Research suggests that healthy children under the age of 2 are more likely than older children and as likely as people over the age of 65 to be hospitalized with flu complications. In addition, children between 24-59 months of age have higher rates of influenza-related doctor and Emergency Department visits than older children. Therefore, vaccination with either reduced or standard thimerosal-content flu vaccine is recommended for children between the ages of 6 and 59 months by CDC’s Advisory Committee on Immunization Practices.

Can children take antiviral drugs?
Yes. The two drugs recommended for use against influenza (including H1N1) this season can be used in children:

  • Oseltamivir (Tamiflu®) is approved by the Food and Drug Administration (FDA) for use in children 1 year of age or older.
  • Zanamivir (Relenza®) is approved for treatment in children 7 years and older, but is licensed only for use in people without underlying respiratory or heart disease, including people with asthma.

What are the side effects of antiviral drugs in children?
Reported side effects of oseltamivir are nausea and vomiting. Among children treated with oseltamivir in clinical studies, 14% had vomiting, compared with 8.5% of children getting a “placebo.” Nausea and vomiting might be less severe if oseltamivir is taken with food.

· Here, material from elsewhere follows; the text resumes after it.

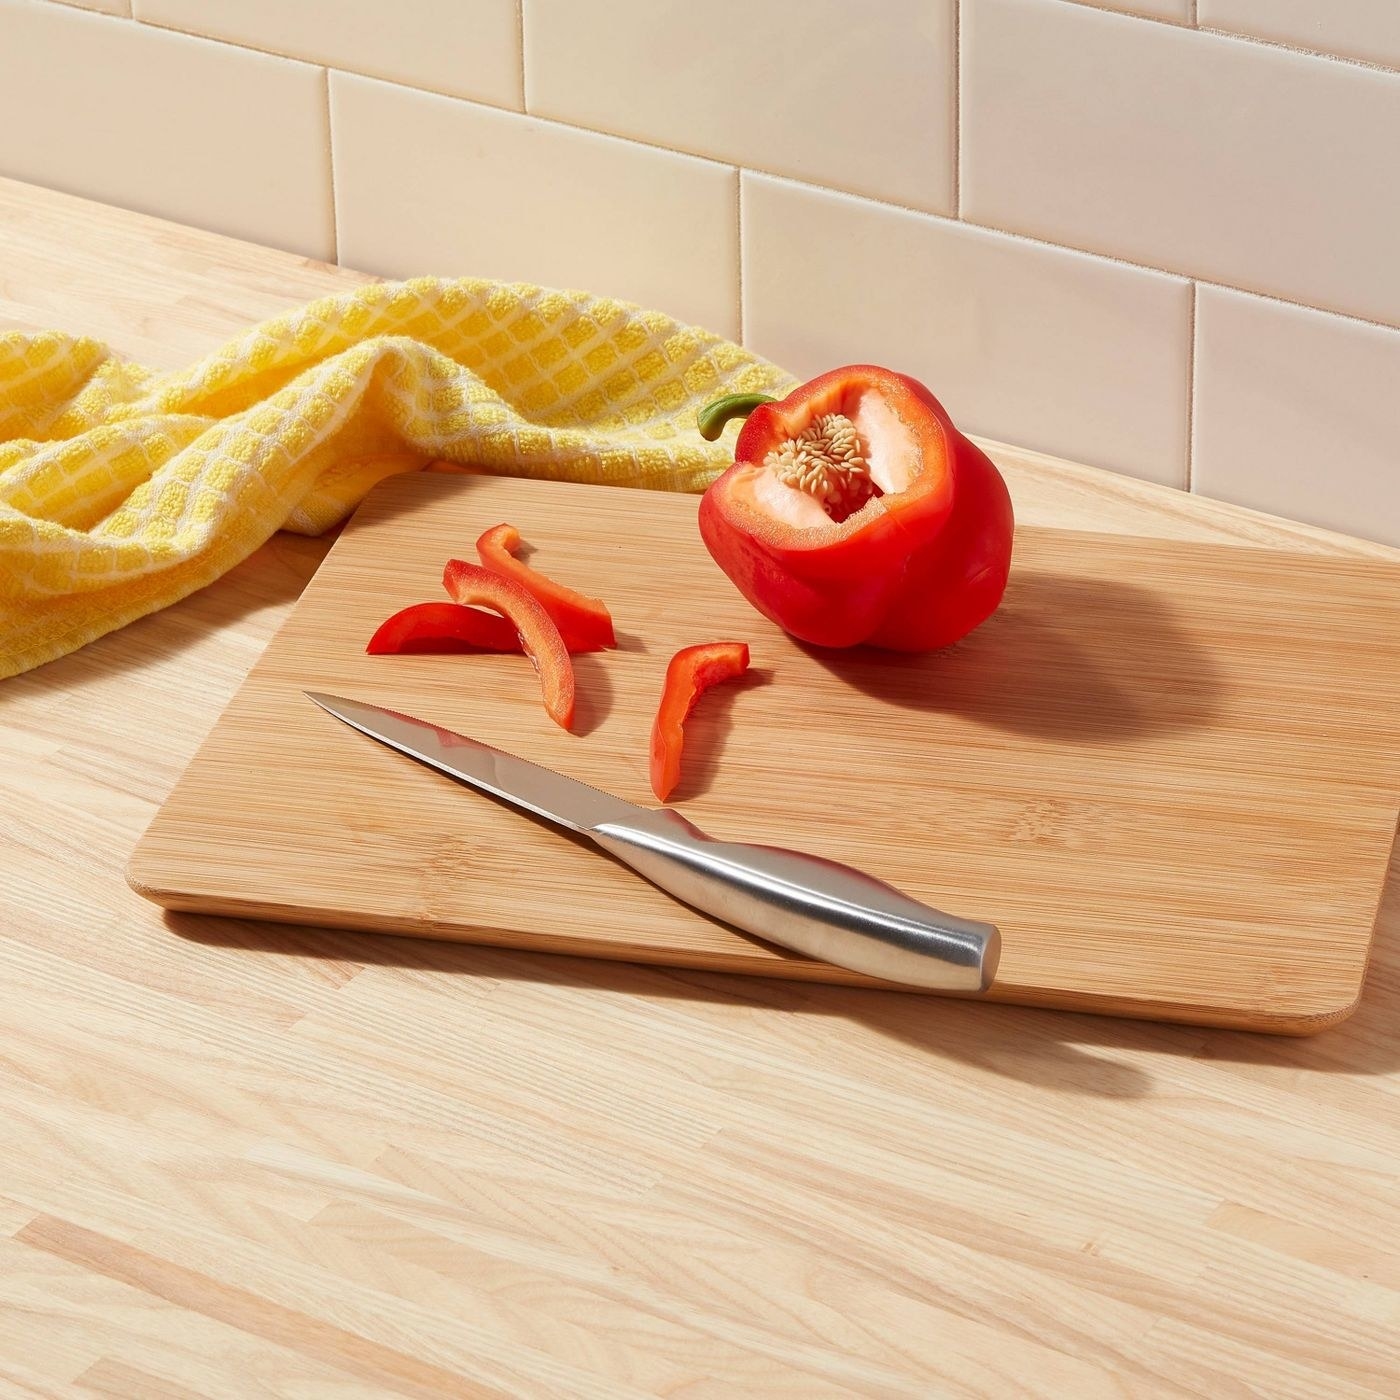 The cutting board with a sliced red pepper on it

Side effects from zanamivir have been reported in fewer than 5% of people participating in clinical trials and have been reported at the same rate in people receiving zanamivir as those being given a “placebo.” Reported side effects have included diarrhea, nausea, sinusitis, nasal signs and symptoms, bronchitis, cough, headache, dizziness, and ear, nose and throat infections. Also, zanamivir should not be used in people with underlying respiratory disease, including asthma.

What do other experts say about antiviral drugs and children?
The American Academy of Pediatrics (AAP) recommends antiviral drugs to treat influenza in children who are at higher risk of serious flu-related complications and who have moderate-to-severe influenza. These children in particular may benefit from a decrease in the duration of their symptoms.